Nast 1 may also be shedding the material intermittently. Previous studies using infrared light have shown evidence for a compact pocket of dust extremely near to the central stars.

Recent observation by Mauerhan and team, using the Magellan telescope at the Chilean Las Campanas Observatory, have resolved a larger pocket of cooler dust that may be indirectly scattering the light from the central stars.

The presence of warm dust suggest that it formed very recently, maybe in spurts, as chemically-enriched material from the two stellar winds collides at different points, mixes, flows away, and cools down.

Intermittent changes in wind speed, or the rate the companion strips the main star’s hydrogen envelope, could also explain the chunky structure and gaps observed farther out in the disk.

The team used NASA’s Chandra X-ray Observatory to measure the hypersonic winds from each star. The observations revealed scorching-hot plasma, suggesting that the winds from both stars are colliding, creating high-energy shocks that glow in X-rays.

These results tally with what scientists have observed from other WR systems.

The chaotic mass-transfer activity will cease when the WR star runs out of material. The gas in the disk will eventually dissipate, making it easier to observe the binary system.

Mauerhan said:

“What evolutionary path the star will take is uncertain, but it will definitely not be boring. Nasty 1 could evolve into another Eta Carinae-type system.”

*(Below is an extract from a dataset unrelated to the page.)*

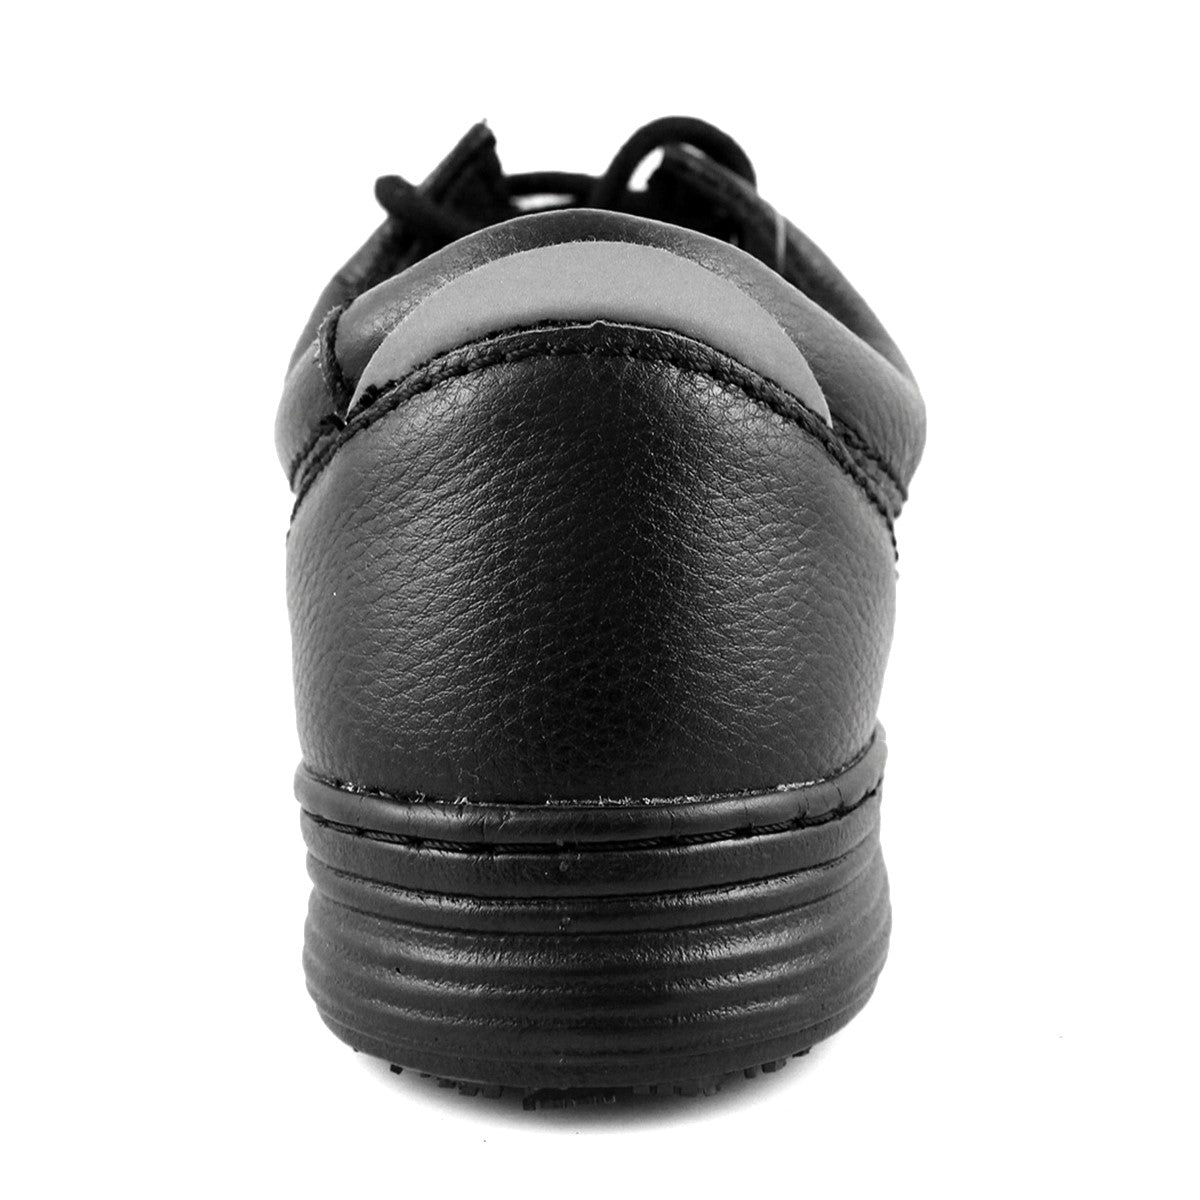 Gerry 9400-01 / Composite Safety Toe

“To make that transformation, the mass-gaining companion star could experience a giant eruption because of some instability related to the acquiring of matter from the newly formed Wolf-Rayet. Or, the Wolf-Rayet could explode as a supernova.”

“A stellar merger is another potential outcome, depending on the orbital evolution of the system. The future could be full of all kinds of exotic possibilities depending on whether it blows up or how long the mass transfer occurs, and how long it lives after the mass transfer ceases.”

Citation: “Multiwavelength observations of NaSt1 (WR 122): equatorial mass loss and X-rays from an interacting Wolf–Rayet binary,” Jon Mauerhan, Nathan Smith, Schuyler D. Van Dyk, Katie M. Morzinski, Laird M. Close, Philip M. Hinz, Jared R. Males, and Timothy J. Rodigas. Monthly Notices of the Royal Astronomical Society. Published 20 May, 2015. DOI: 10.1093/mnras/stv257.